Mon ambition de travailler sur le vaste sujet de la mode française a été motivée par mon intérêt grandissant pour cet univers. Après avoir passé sept mois à New York en stage au cours de ma troisième année, je suis rentrée en France pour effectuer un second stage auprès d’une Américaine, ancienne styliste et aujourd’hui critique et journaliste de mode. J’ai donc fait mes premiers pas dans l’univers de la mode parisienne au moment de la Fashion Week haute couture qui s’est déroulée du 1er au 5 juillet 2013. C’est en assistant à plusieurs défilés de haute couture que j’ai commencé à m’interroger sur la fascination qu’exerçait Paris sur le monde de la mode. En observant les mouvements de foules hystériques à la sortie des défilés je me suis demandée : Pourquoi dit-on que Paris est la capitale de la mode ? J’ai interrogé ma maitre de stage pour comprendre comment elle avait pu quitter New York (qui me manquait déjà) pour Paris. Elle m’a répondu que lorsque la mode new yorkaise a été dévastée par le SIDA à la fin des années 80, le choix de venir exercer son métier à Paris s’était imposé à elle. En matière de mode, Paris serait donc une évidence ?

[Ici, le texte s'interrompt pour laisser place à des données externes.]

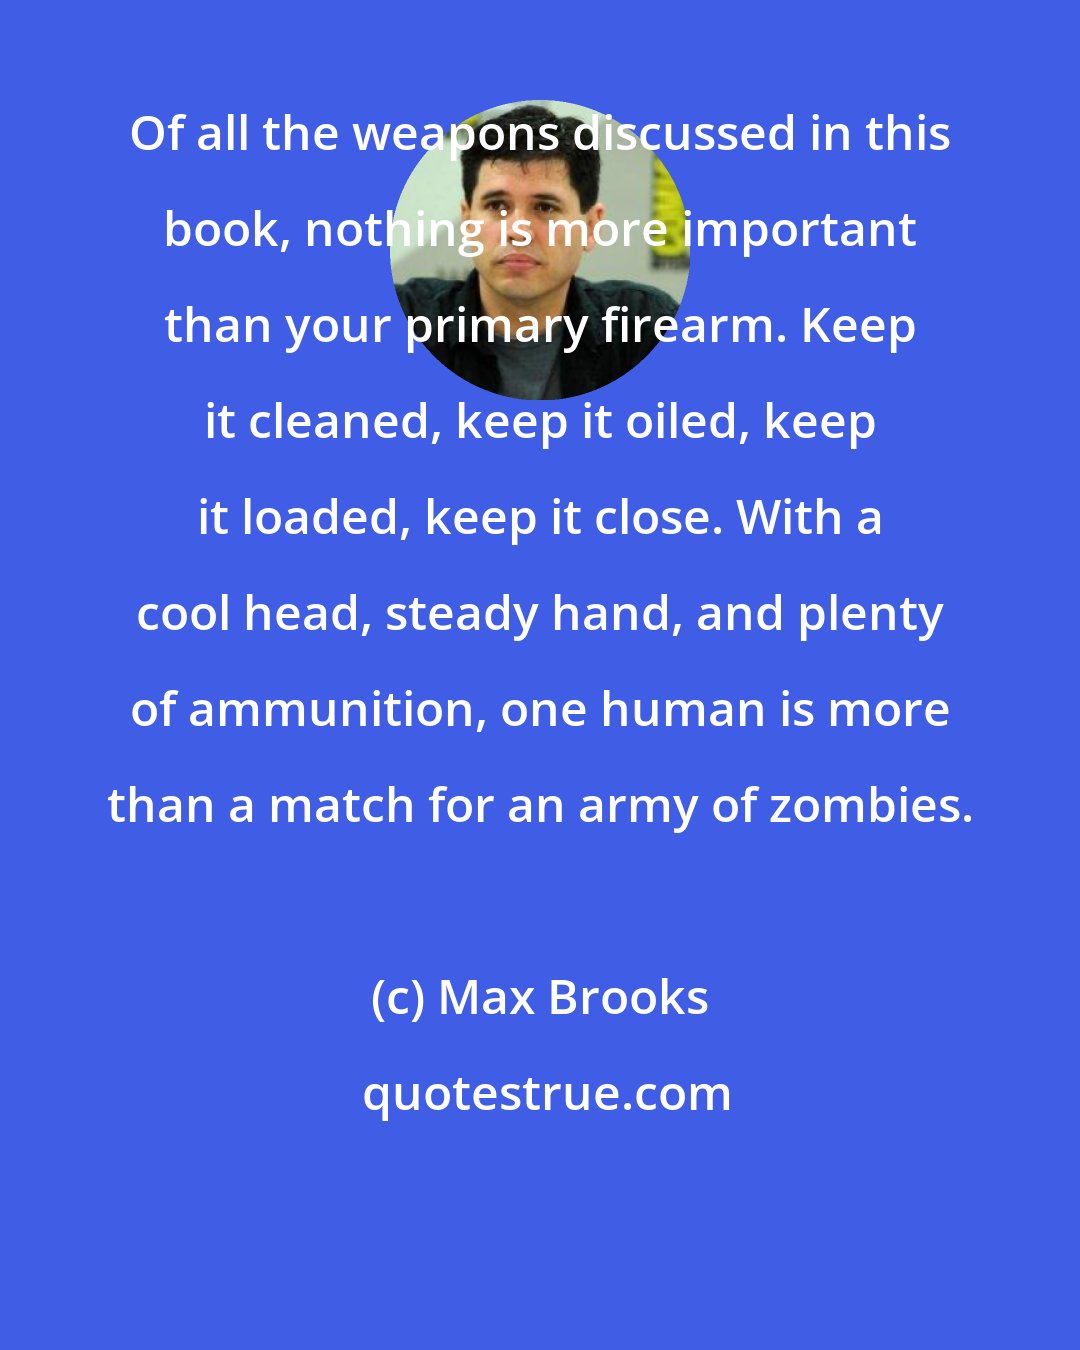 Max Brooks: Of all the weapons discussed in this book, nothing is more important than your primary firearm. Keep it cleaned, keep it oiled, keep it loaded, keep it close. With a cool head, steady hand, and plenty of ammunition, one human is more than a match for an army of zombies.

Le sujet « Paris capitale de la mode » n’a pas été le premier sujet auquel j’ai pensé pour ce mémoire. J’avais une réelle envie de travailler sur la mode mais sans savoir réellement comment aborder un tel sujet. Au début de ma phase de recherche, je voulais centrer mon analyse sur le concept de Fashion Week. Il m’avait semblé en démarrant mes lectures qu’il n’existait pas d’analyse portant sur les semaines de la mode à travers le monde. Jugeant que le sujet était trop périlleux et pas assez documenté, j’ai voulu revenir sur les origines de ce que l’on appelle un défilé de mode afin de pouvoir étendre une partie de mon analyse à l’étude du phénomène des Fashion Weeks. Mes premières recherches se sont concentrées sur l’histoire de la mode, un angle scientifique nécessaire pour entamer mon travail. Or à la lecture de
6 Paris capitale de la mode Delphine Barthier Demph nombreux ouvrages sur la mode française, j’étais immanquablement ramenée à étudier l’apparition de la haute couture et de l’influence de ce savoir-faire sur la mode française actuelle. Paris est le berceau de la haute couture. Cette découverte m’a poussé à m’interroger sur la place de Paris dans l’imaginaire de la mode international et m’a conduit à formuler mon sujet : Paris capitale de la mode, Construction de savoir faire et remise en question du mythe de la Ville-Lumière.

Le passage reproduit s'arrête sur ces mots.